It feels wrong to rate a game I know better than the back of my hand this low, but it just isn't an exciting experience.

I'll always have a place in my heart for this game, it was the 2D Mario game I grew up on after all. But once you've familiarised yourself with the back catalogue, this reads as nothing less than a flaccid and personality-less reduction of its predecessors.

Stack this game up against any of the SNES-era 2D platformers, the Donkey Kong Countrys the Super Mario Worlds, it's not even close. The precision is gone, the speed is gone, the exciting aesthetics are gone, the ingenious soundtracks are gone. I'd say it's an unfair comparison, but it really shouldn't be, and this game needn't feel so much like the corporate tested product it ultimately does.

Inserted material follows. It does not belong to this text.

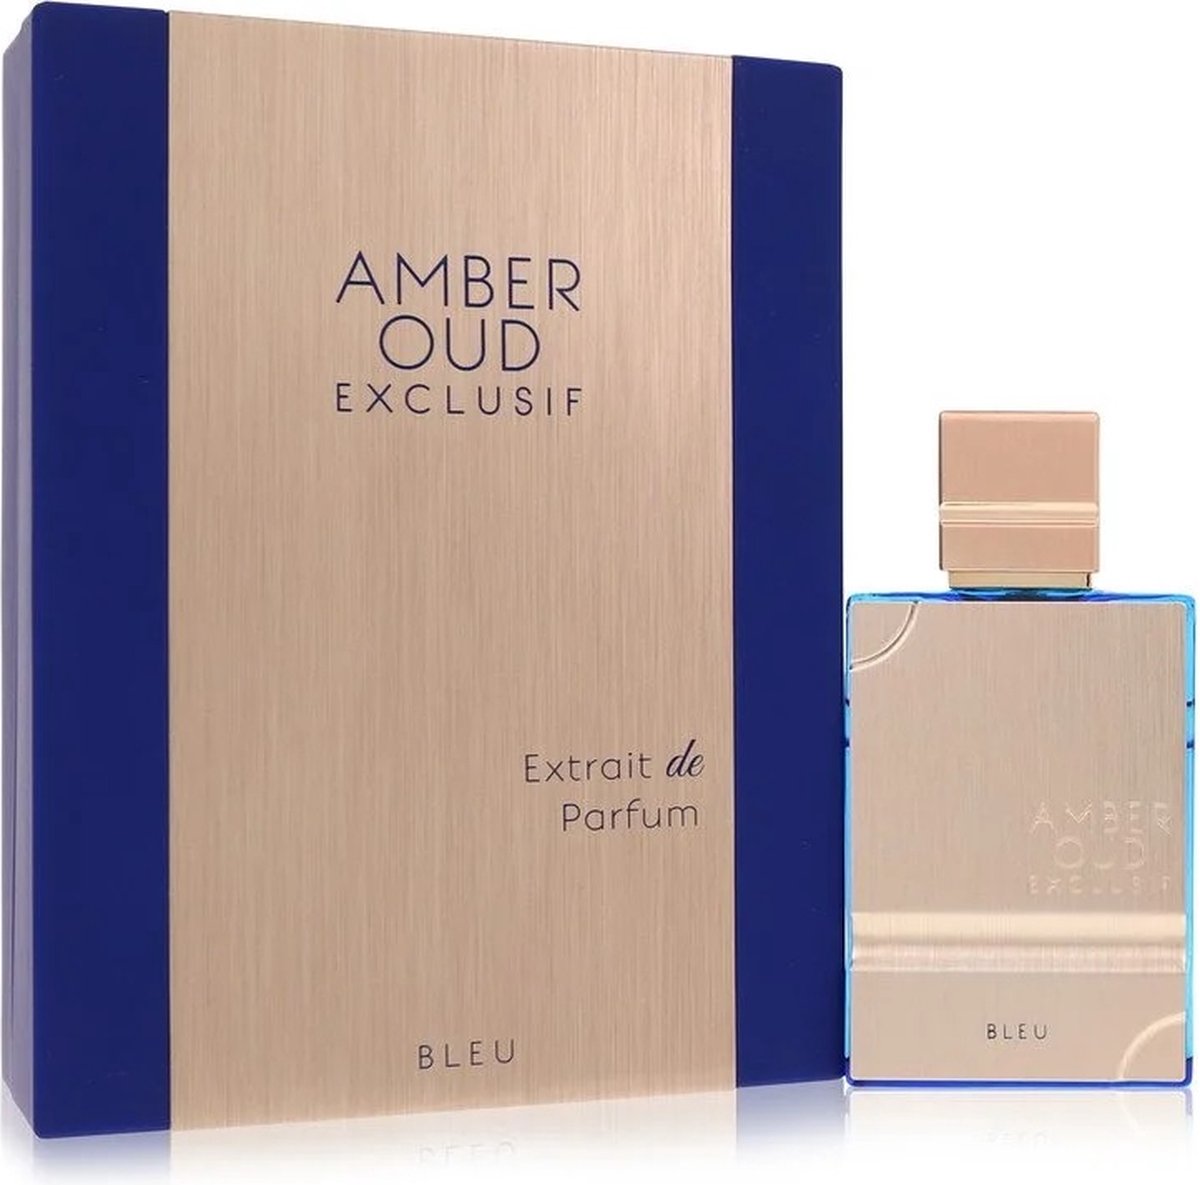 Al Haramain Amber Oud Exclusif Bleu - Extrait de Parfum spray - 60 ml
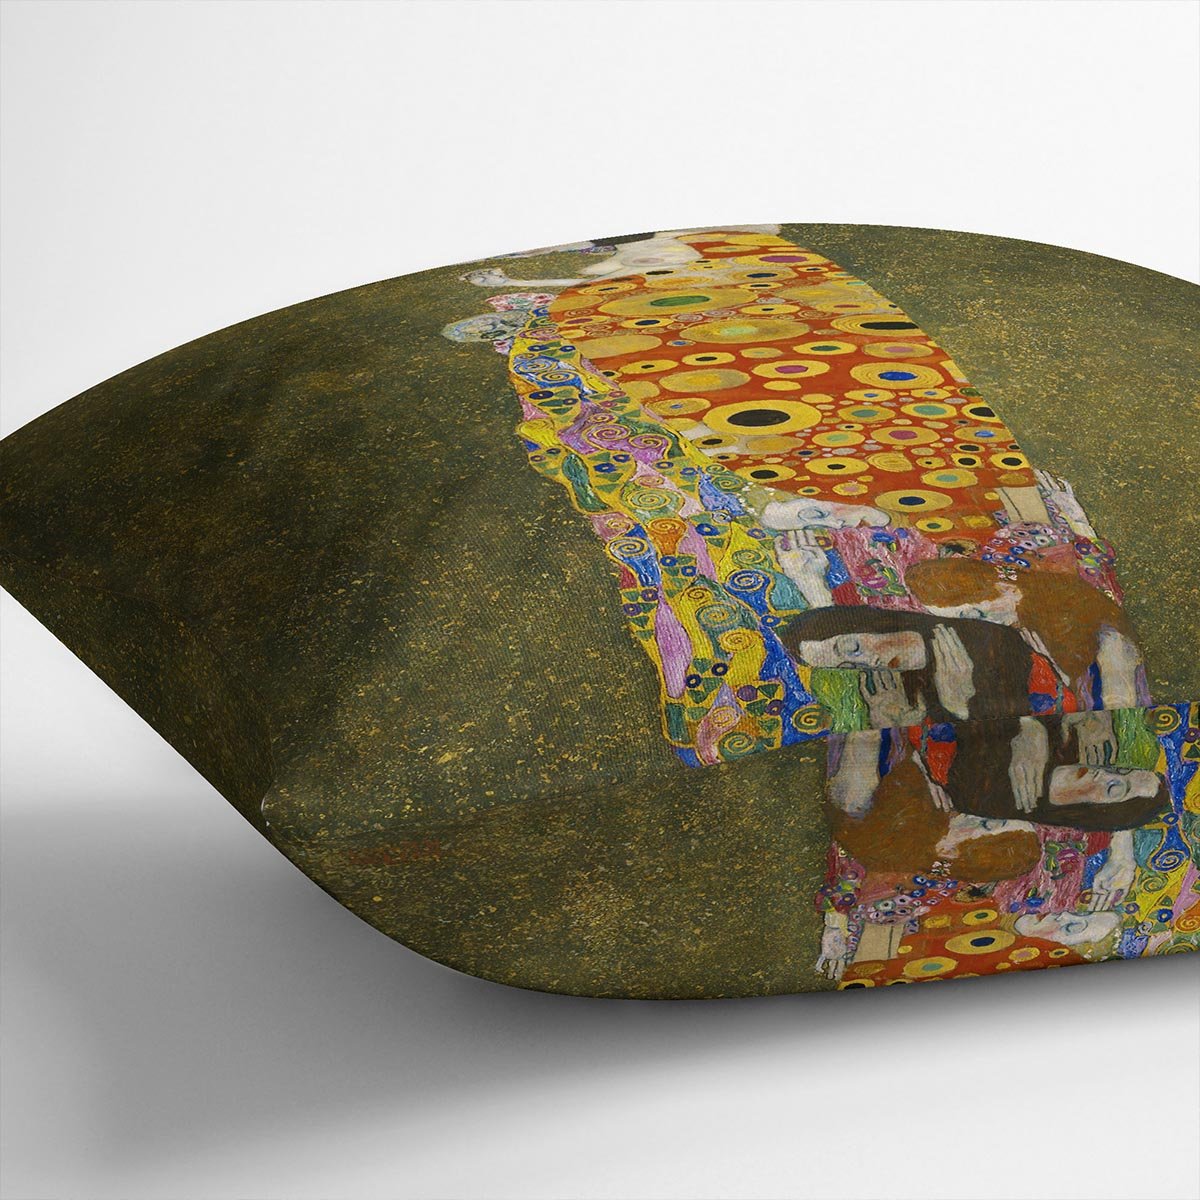 Hope II by Klimt Throw Pillow

You know what the most sickening part of it all is (other than that until I play Wonder in the next few days, I'll have only experienced iterations on this game as new 2D Mario releases in my lifetime), Nintendo's baseline competency and level design ability is so high, that this game is still fun. Running around, picking up any one of the lazily recycled powerups, finding the star coins, incessantly getting kicked out of the level on every death. It's all, for some godforsaken reason, still a bundle of fun.

I'm certain I could get behind this more if it didn't have the weight of Mario's legacy on it's back, but it simply does. That problem compounds even more with this game's sequel on the Wii U, which is better in virtually every way but I like it even less because it didn't even have the decency to come up with any of its lame aesthetic ideas.